**Task to complete**
Exactly as written, return all the data, leaving its pictures behind.

**The data**

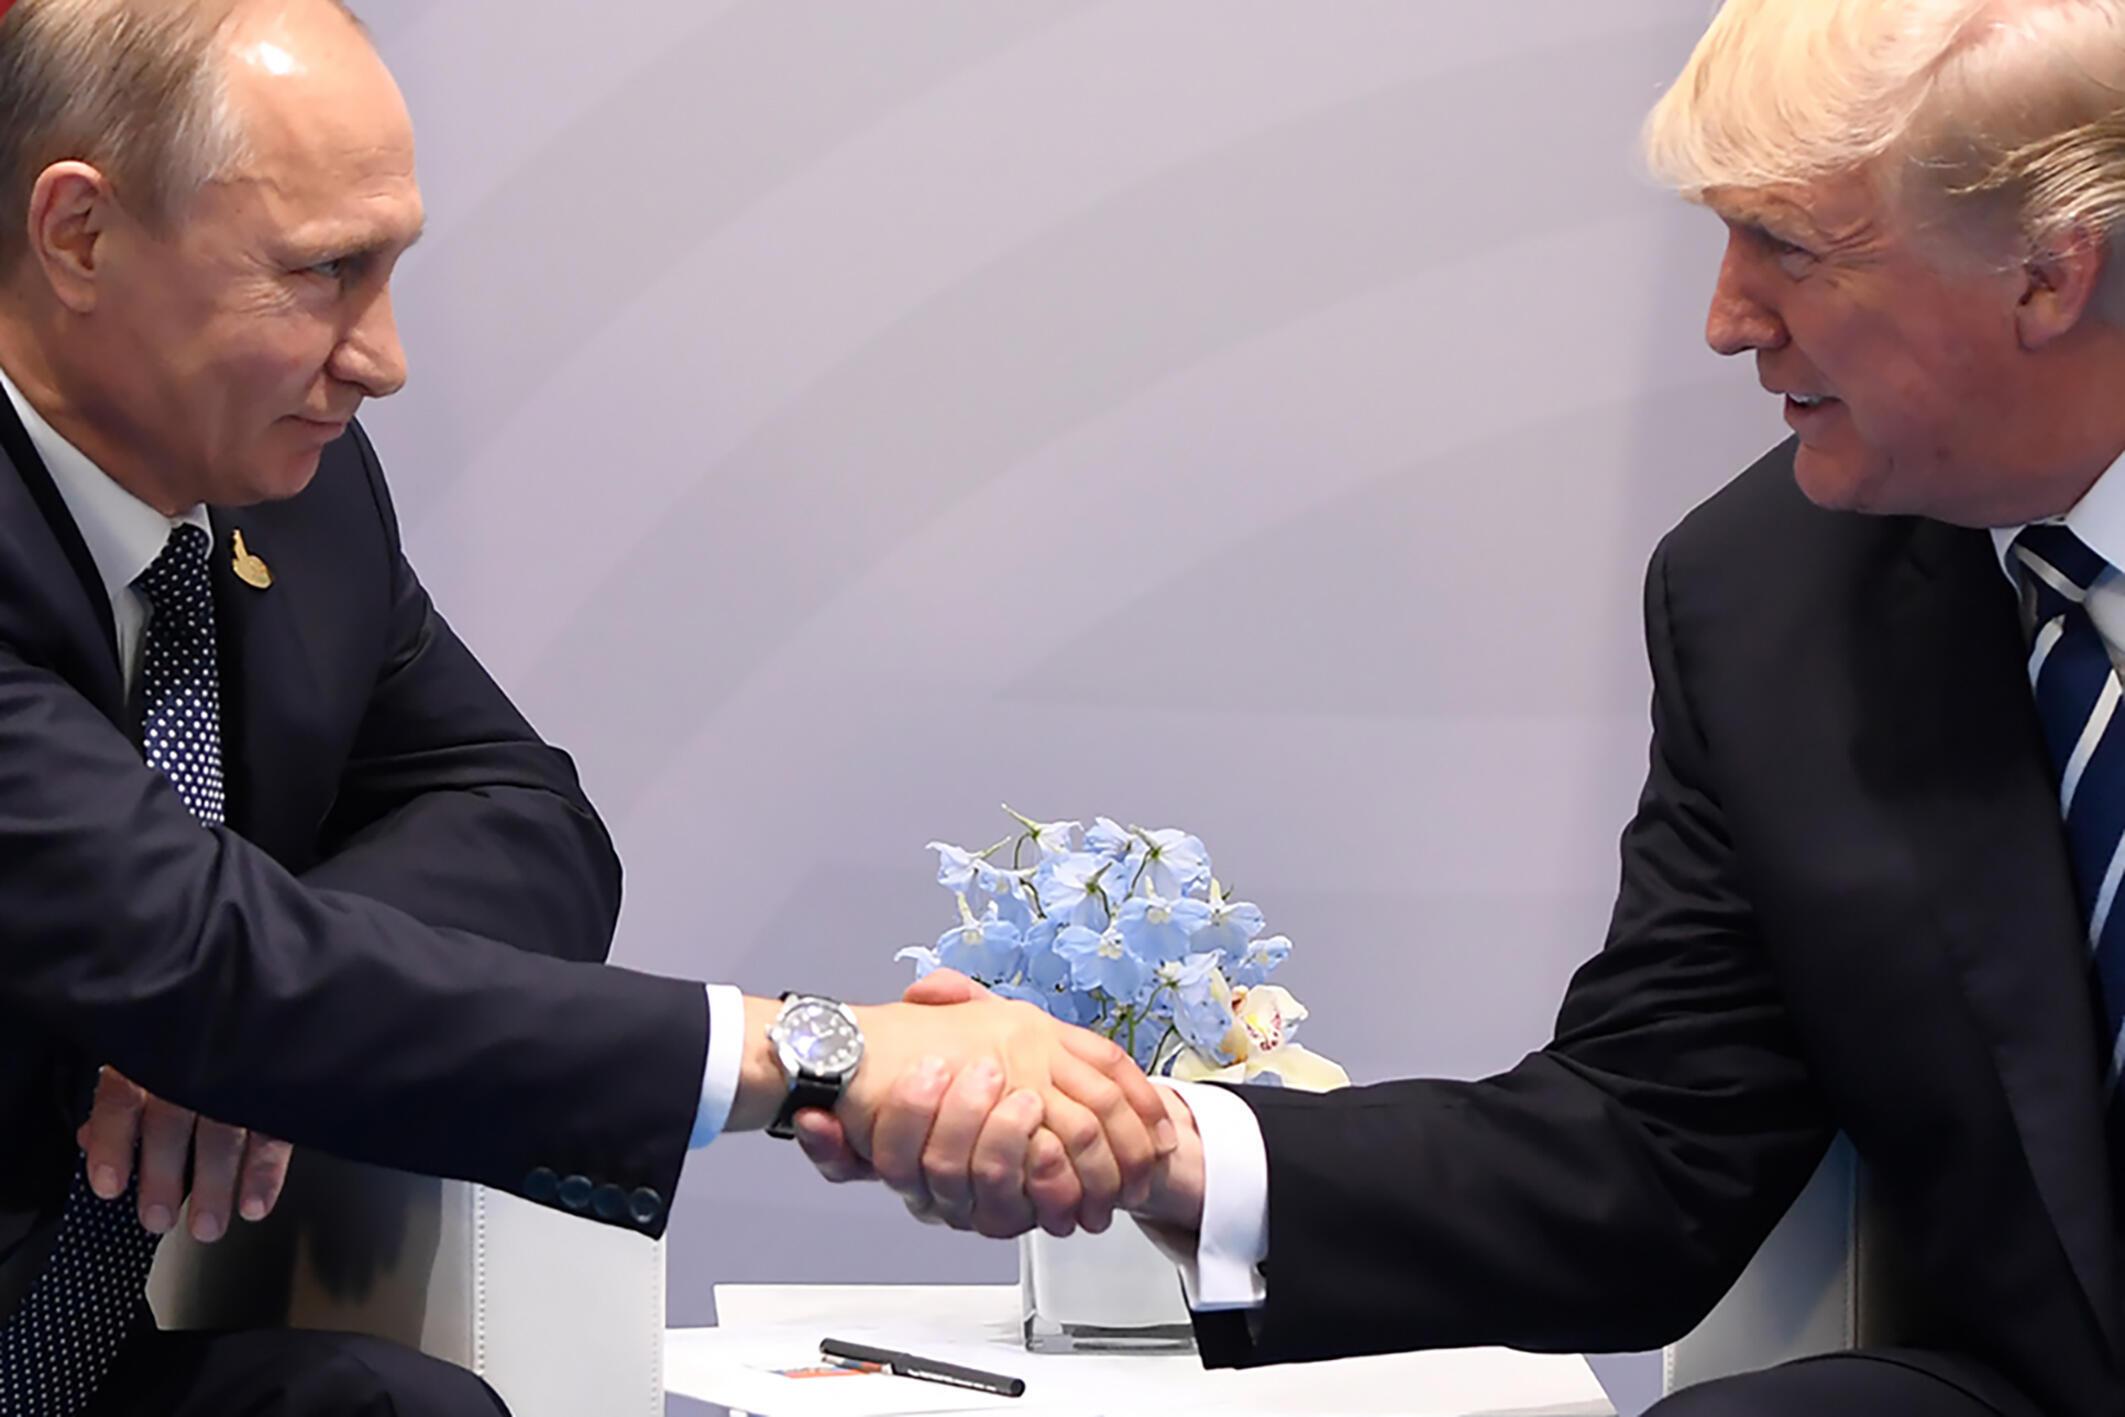 Archivo: El presidente ruso Vladimir Putin y su homólogo estadounidense Donald Trump en la cumbre del G20 en Hamburgo, Alemania, en julio de 2017.
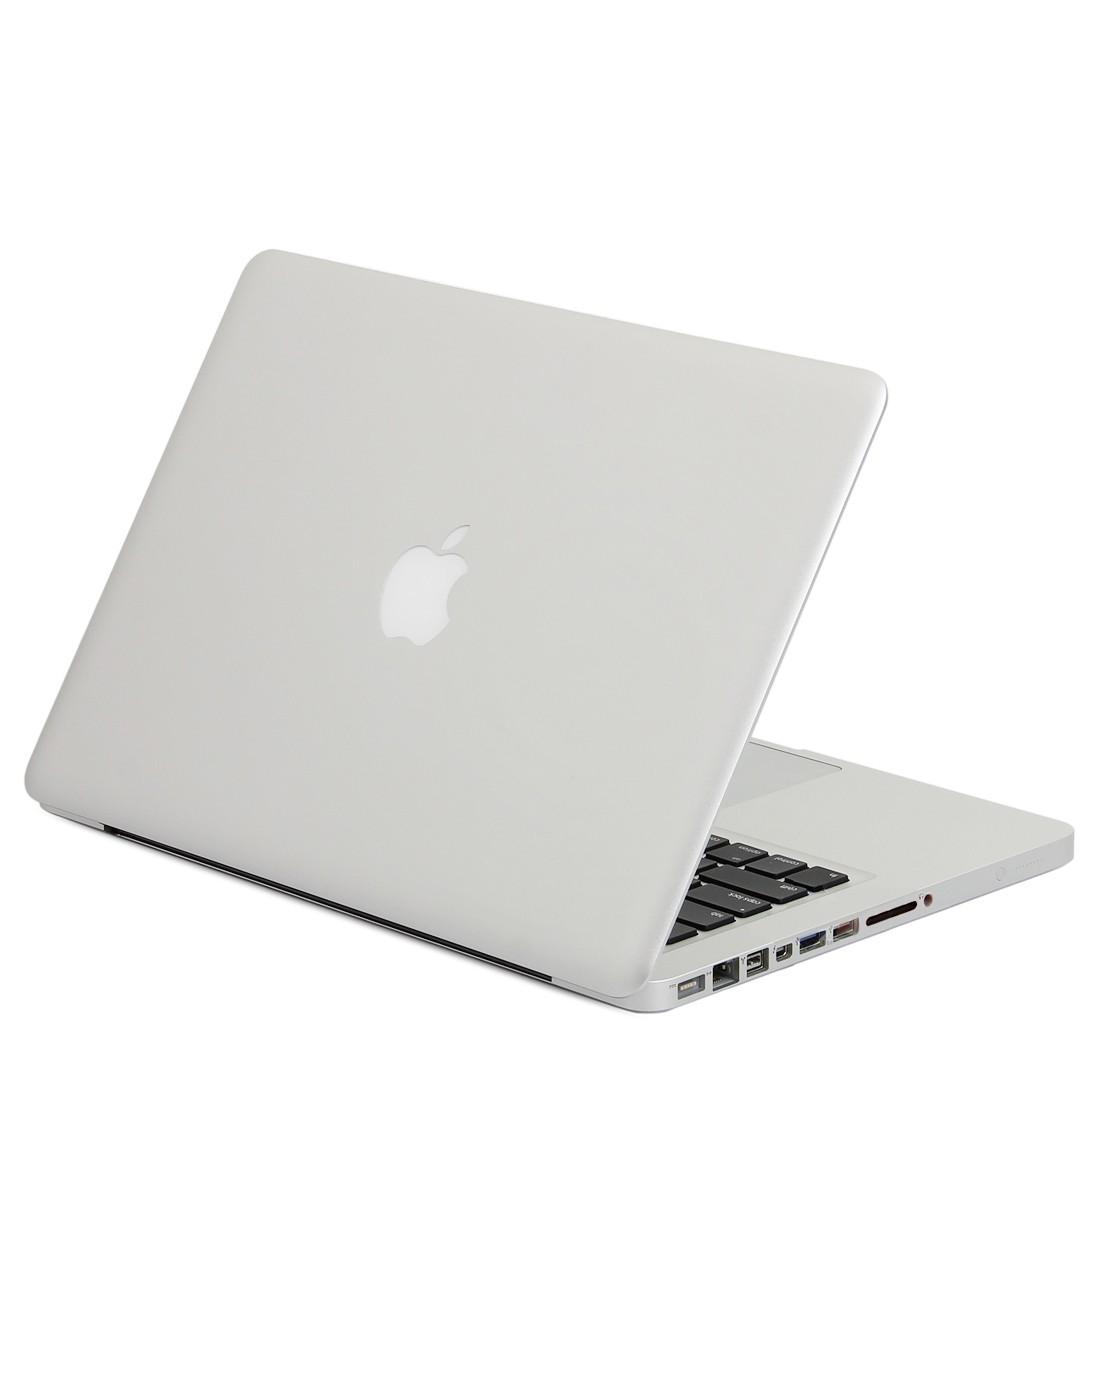 苹果apple数码专场 > macbook pro 笔记本电脑
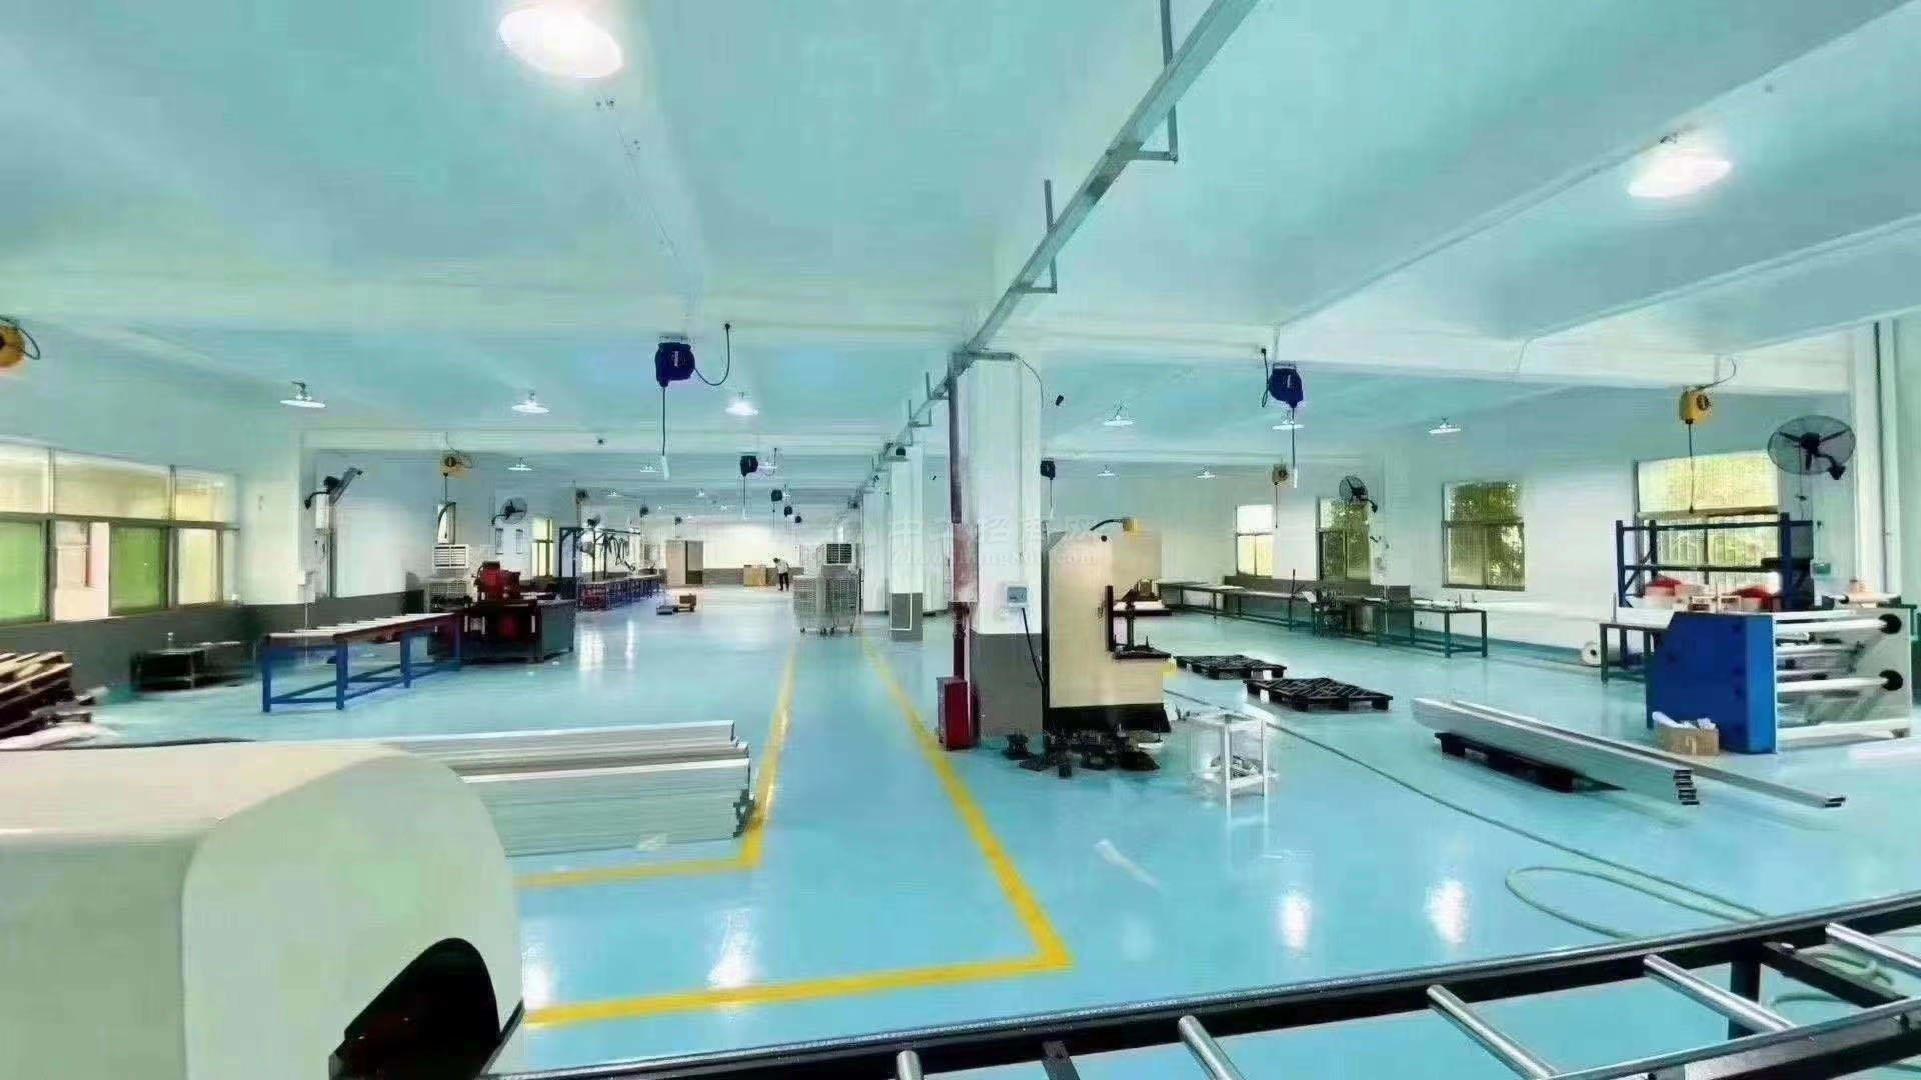 坂田上雪工业园2万平厂房出租200起分租一楼仓库有红本原房东

**Written answer**
 Archivo: El presidente ruso Vladimir Putin y su homólogo estadounidense Donald Trump en la cumbre del G20 en Hamburgo, Alemania, en julio de 2017.
 苹果apple数码专场 > macbook pro 笔记本电脑
 坂田上雪工业园2万平厂房出租200起分租一楼仓库有红本原房东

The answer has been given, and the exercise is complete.